An utility function to analyse the immune receptor gene usage (IGHD, IGHJ, IDHV, IGIJ, IGKJ, IGKV, IGLJ, IGLV, TRAJ, TRAV, TRBD, etc.) and statistics. For gene details run gene_stats().

geneUsage(.data, .gene = c("hs.trbv", "HomoSapiens.TRBJ", "macmul.IGHV"),
.quant = c(NA, "count"), .ambig = c("exc", "inc", "wei", "maj"),
.type = c("segment", "allele", "family"), .norm = F)

Arguments

.data

The data to be processed. Can be data.frame, data.table, or a list of these objects.

Every object must have columns in the immunarch compatible format. immunarch_data_format

Competent users may provide advanced data representations: DBI database connections, Apache Spark DataFrame from copy_to or a list of these objects. They are supported with the same limitations as basic objects.

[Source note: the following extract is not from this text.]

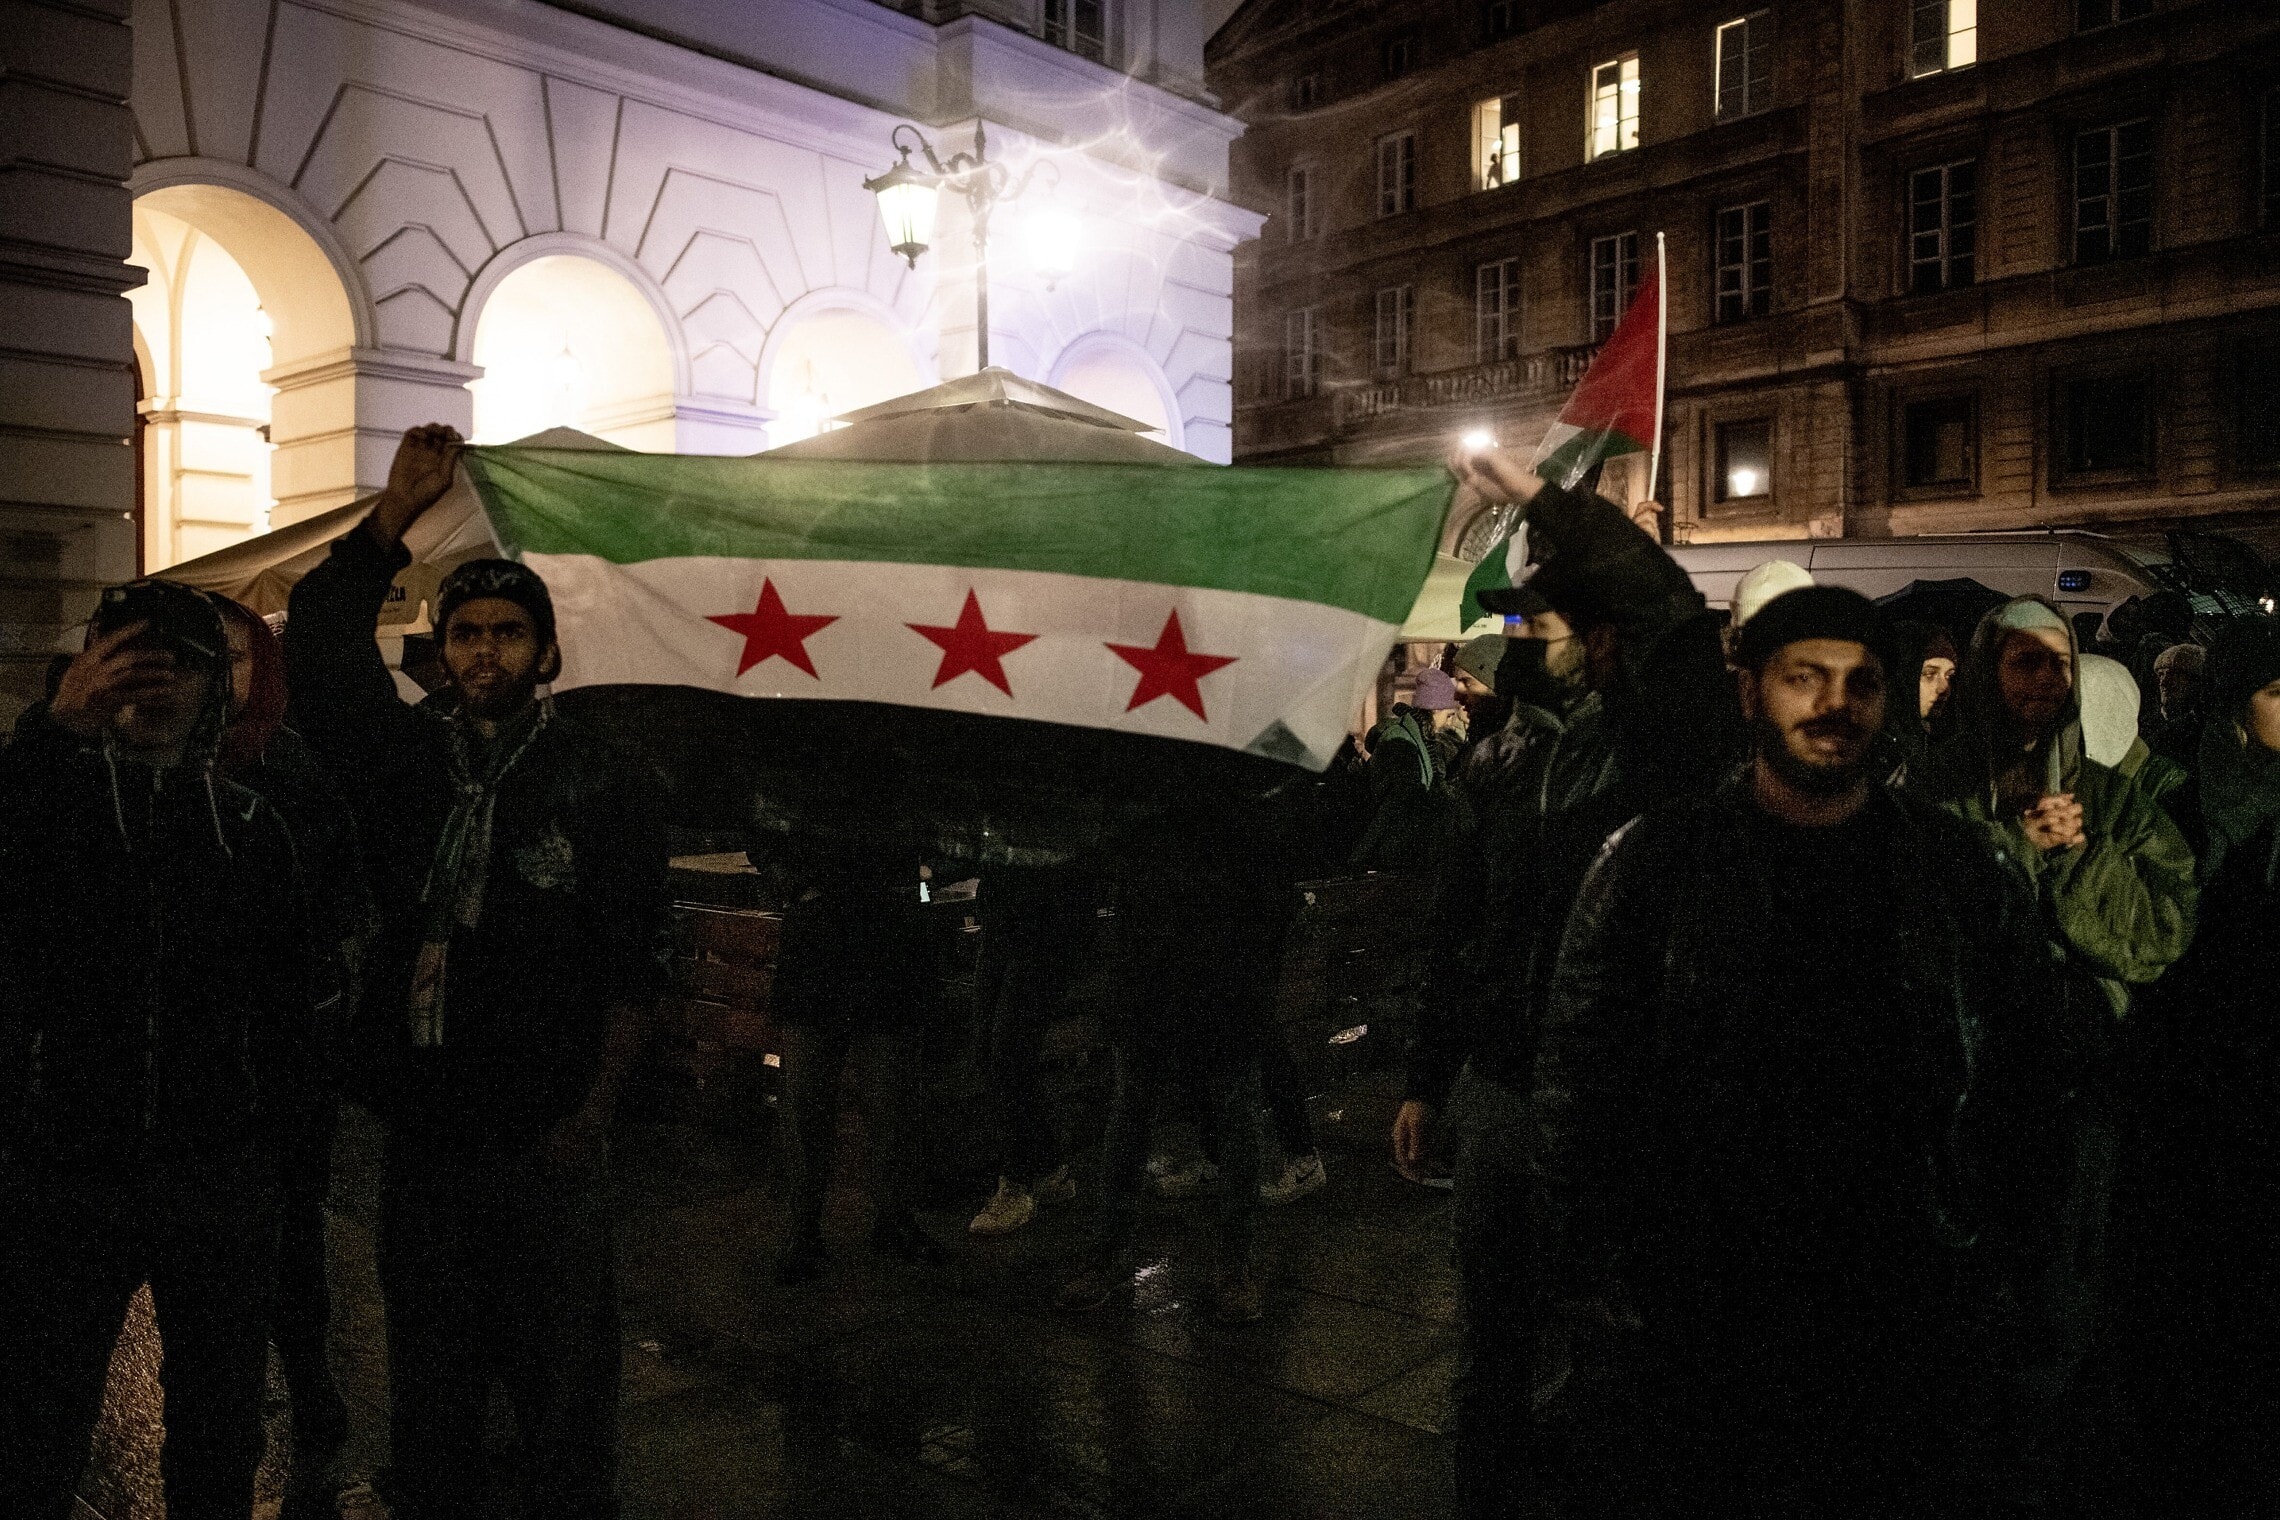 מפגינים פרו־פלסטינים מניפים את דגל סוריה החופשית בוורשה, פולין, 20 באוקטובר 2023 (צילום: גילעד שדה)

Note: each connection must represent a separate repertoire.

.gene

A character vector of length one with the name of the gene you want to analyse of the specific species. If you provide a vector of different length, only first element will be used. The string should also contain the species of interest, for example, valid ".gene" arguments are "hs.trbv", "HomoSapiens.TRBJ" or "macmul.IGHV". For details run gene_stats().

.quant

Select the column with data to evaluate. Pass NA if you want to compute gene statistics at the clonotype level without re-weighting. Pass "count" to use the "Clones" column to weight genes by abundance of their corresponding clonotypes.

.ambig

An option to handle ambiguous data. You can exclude data for the cases where there is no clear match for gene, include it for every supplied gene, include it with weights, or pick only first from the set. Set it to "exc", "inc", "wei", or "maj", correspondingly.

.type

Set the type of data to evaluate: "segment", "allele", or "family".

.norm

If TRUE than return proportions of genes. If FALSE then return counts of genes.